Security Precautions
- Expose only the reverse proxy on the LAN. Keep Open WebUI and Ollama on an internal Docker network.
- Use a private CA for internal TLS and distribute its root to managed clients.
- Keep Docker and base OS patched. Remove unused images and stale containers.
- Run admin commands as a normal user with
sudo
. Avoid interactive root shells unless necessary. - Segment the host with a local firewall; permit only expected ingress/egress.
- Log and rotate reverse-proxy access logs; avoid logging sensitive prompts verbatim.
- Back up model blobs and knowledge stores; test restore procedures quarterly.
Upgrades and Housekeeping
# Update images deliberately, then roll forward
docker compose pull
docker compose up -d
# Re-check profile → KB bindings after major WebUI upgrades
Keep a CHANGELOG. If something breaks, you want a single source of truth about what changed, when, and why.
Roadmap: Sensible Next Steps
- Profile cleanup: retire duplicate or legacy entries; standardise naming.
- Attach KB by default: ensure the main profile has Knowledge enabled so users do not need chat prefixes.
- Gateway for multi-node: introduce a lightweight gateway (for example, HAProxy) to route requests to the best node as your fleet grows.

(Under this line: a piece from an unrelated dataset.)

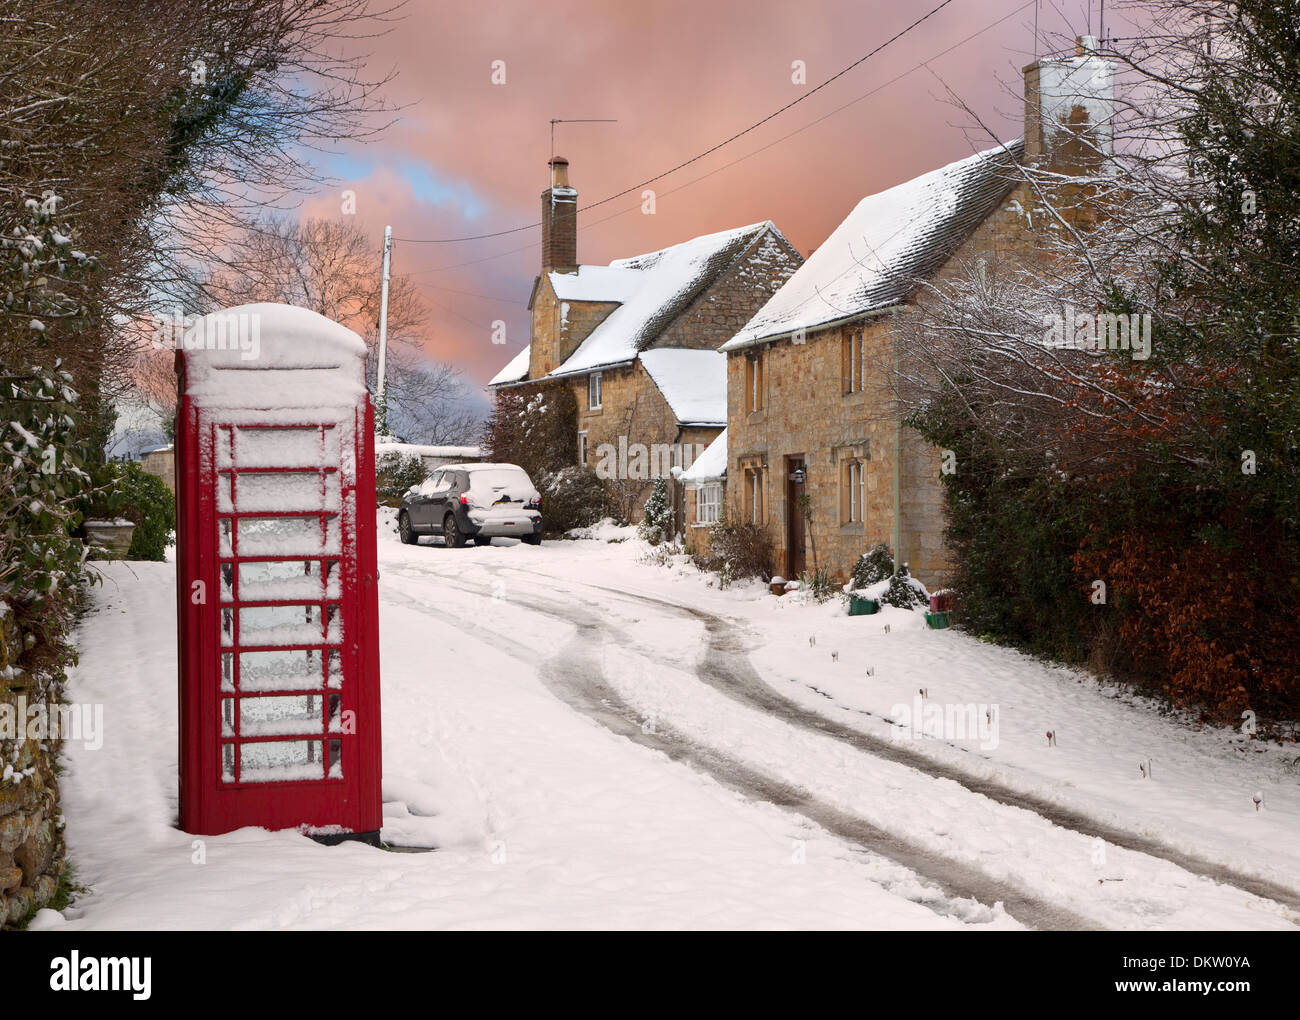 Red phone box and cottages in snow, Cotswolds, Gloucestershire, England. Stock Photo

- GPU node: add a discrete GPU box and route heavy jobs there while the NUC handles lighter tasks and UI.
Appendix
A. Nginx vhost variant (optional)
server {
listen 443 ssl http2;
server_name ai.example.internal;
ssl_certificate /path/to/certs/ai.example.internal.crt;
ssl_certificate_key /path/to/private/ai.example.internal.key;
location / {
proxy_pass http://openwebui:8080/;
proxy_set_header Host $host;
proxy_set_header X-Forwarded-Proto $scheme;
proxy_set_header X-Real-IP $remote_addr;
}
}
B. Quick sanity checklist
- Reverse proxy answers on HTTPS with a certificate the clients trust.
- Open WebUI reachable only via proxy, not exposed on host ports.
- Ollama reachable from WebUI; models pulled and listed.
- Profile created and set as default; Knowledge attached and working.
- Backups exist, restores tested, and pruning policy defined.
Redactions: internal hostnames, IP subnets, certificate paths, and any inventory identifiers have been intentionally generalized to avoid increasing your exposure. Swap your own values in – and keep them out of screenshots and public commits.